How to remove an FC LUN from a running RedHat 6 server.

This quick howto document shows how to remove a fibre channel LUN under multipathd(8) control from a running RedHat Enterprise Linux 6 machine. Be careful when performing online storage modifications. Make sure you have a valid backup. And of course I can't be held resonsible for any problems if you follow these steps ;)

In our example, we have an LVM volume mounted on /export/oracle which is under multipathd(8) control. We will remove this volume from the server without taking the machine down.

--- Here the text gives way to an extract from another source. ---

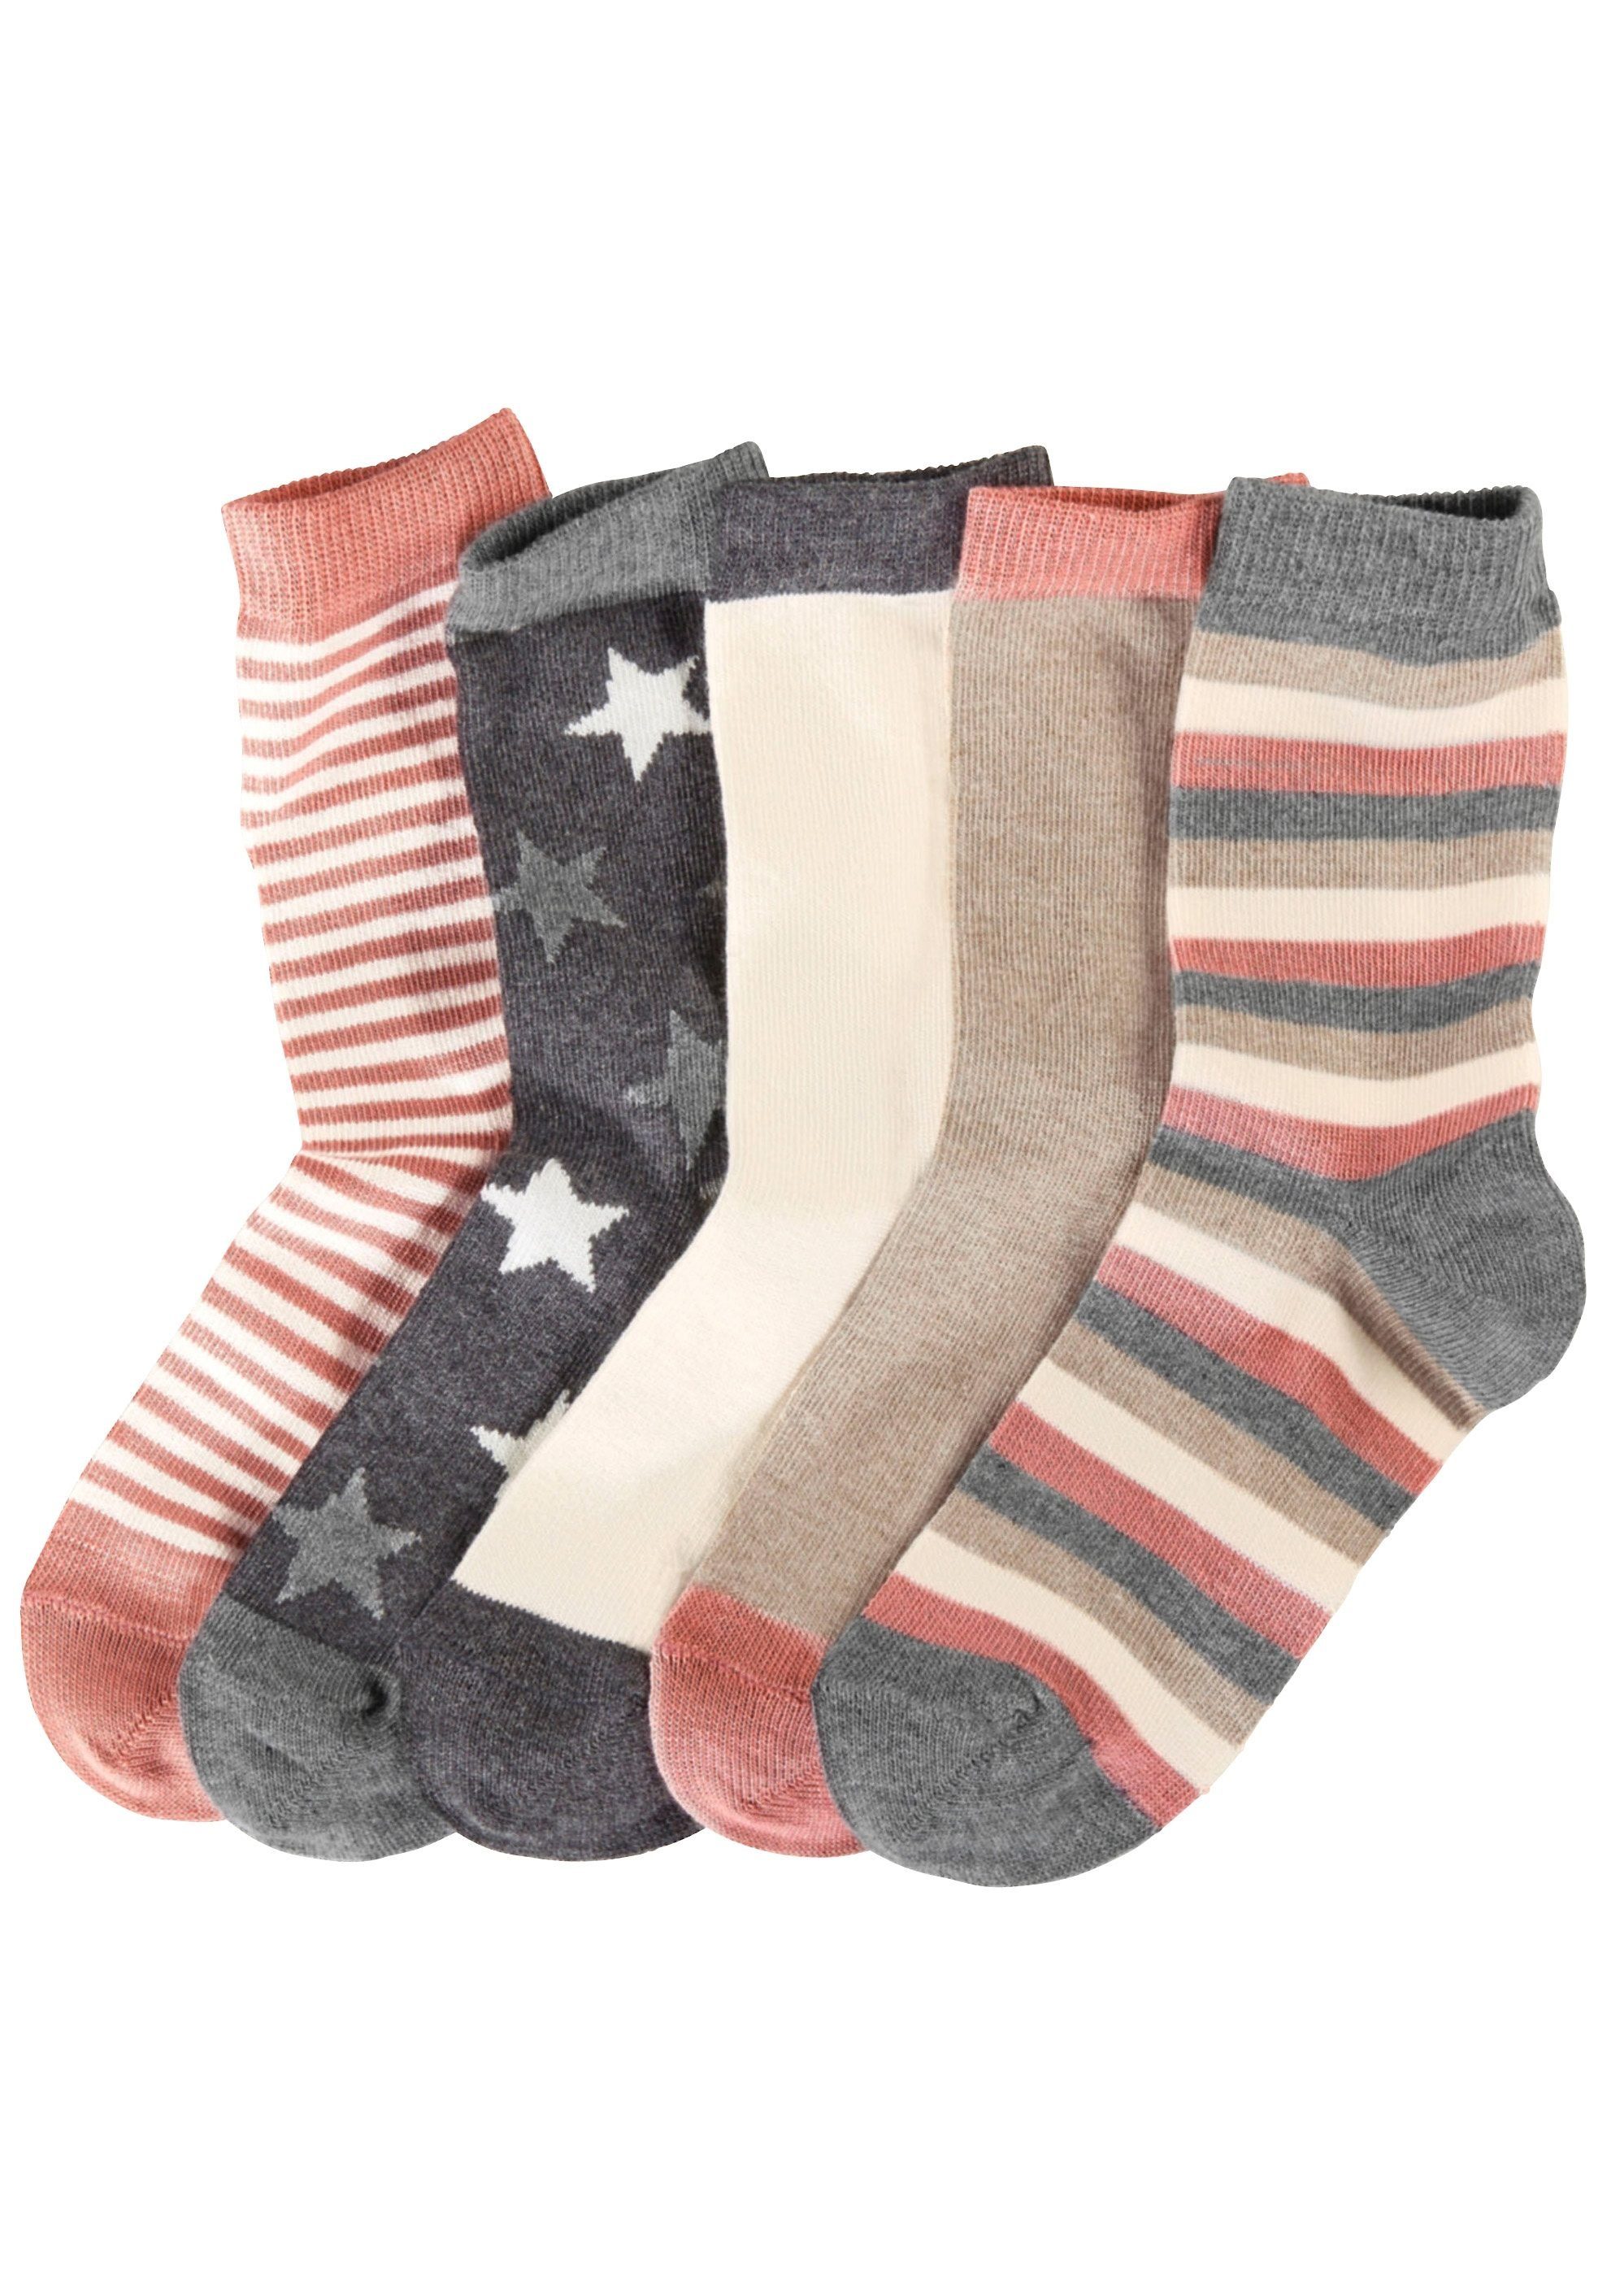 Designs 5 Socken in (5-Paar) verschiedenen

So first, make sure the mount point is not used anymore. Check your applications and users and remove all references to this device.

If the volume is mounted, check if it's used and if not, then unmount it. The fuser(1) and lsof(1) commands can tell you if the device is in use. Don't forget that if this file system is shared via NFS, you will need to stop the NFS daemons before you can umount(1) it.

df -h /export/oracle

/dev/mapper/ora-bckp  2.0T  1.4T  509G  74% /export/oracle


sudo fuser /export/oracle

sudo umount /export/oracle

Now unmount the file system.

sudo umount /export/oracle

From the df(1) command above, we saw that the /export/oracle file system is in fact an LVM logical volume called « bckp » from the volume group « ora ». Let's take a look at the LVM configuration for both of these objects starting with the logical volume.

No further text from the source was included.